Hydrogen from Cellulose and Low-density Polyethylene via Atmospheric Pressure Nonthermal Plasma

The valorization of waste, by creating economic value while limiting environmental impact, can have an essential role in sustainable development. Particularly, polymeric waste such as biomass and plastics can be used for the production of green hydrogen as a carbon-free energy carrier through the use of nonthermal plasma powered by renewable, potentially surplus, electricity. In this study, a Streamer Dielectric-Barrier Discharge (SDBD) reactor is designed and built to extract hydrogen and carbon co-products from cellulose and low-density polyethylene (LDPE) as model feedstocks of biomass and plastic waste, respectively. Spectroscopic and electrical diagnostics, together with modeling, are used to estimate representative plasma properties, namely electron and excitation temperatures, number density, and power consumption.
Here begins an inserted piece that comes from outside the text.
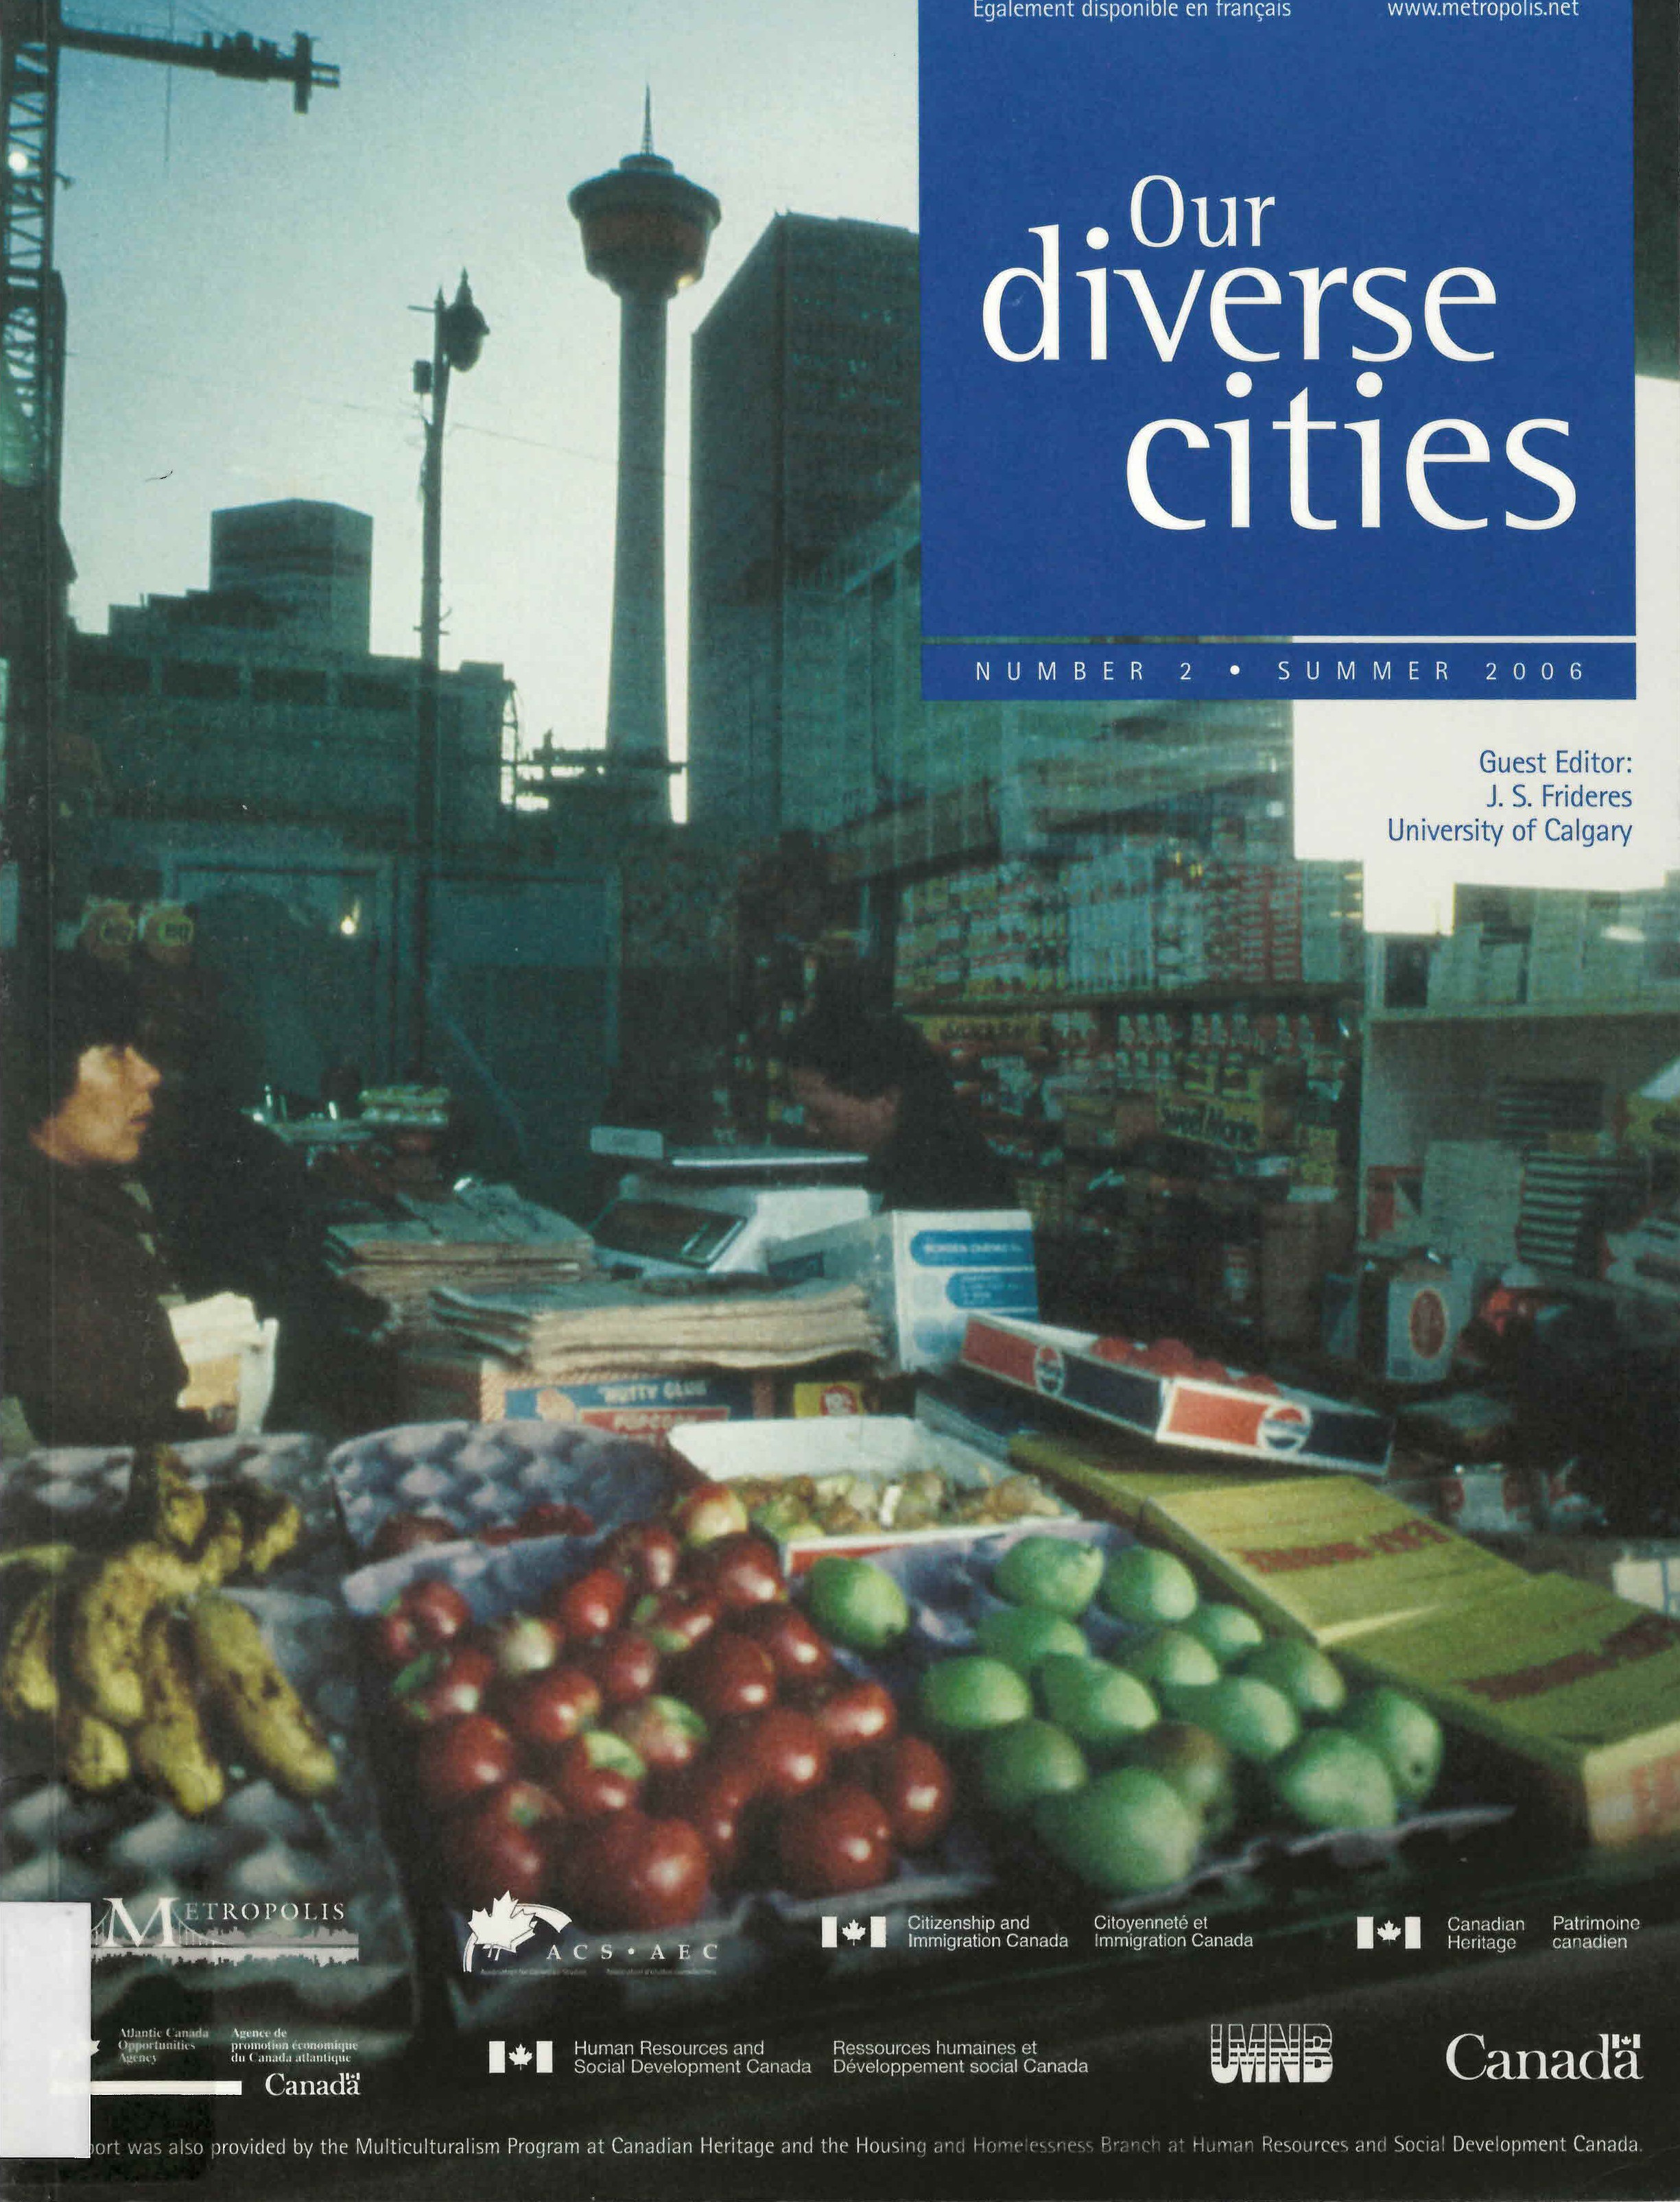 Our diverse cities

Cellulose and LDPE are plasma-treated for different treatment times to characterize the evolution of the hydrogen production process. Gas products are analyzed using gas chromatography to determine the mean hydrogen production rate, production efficiency, hydrogen yield, selectivity, and energy cost. The results show that the maximum hydrogen production efficiency for cellulose is 0.8 mol/kWh, which is approximately double that for LDPE. Furthermore, the energy cost of hydrogen production from cellulose is 600 kWh/kg of H2, half that of LDPE. Solid products are examined via scanning electron microscopy, revealing the distinct morphological structure of the two feedstocks treated, as well as by elemental composition analysis. The results demonstrate that SDBD plasma is effective at producing hydrogen from cellulose and LDPE at near atmospheric pressure and relatively low-temperature conditions in rapid-response and compact processes.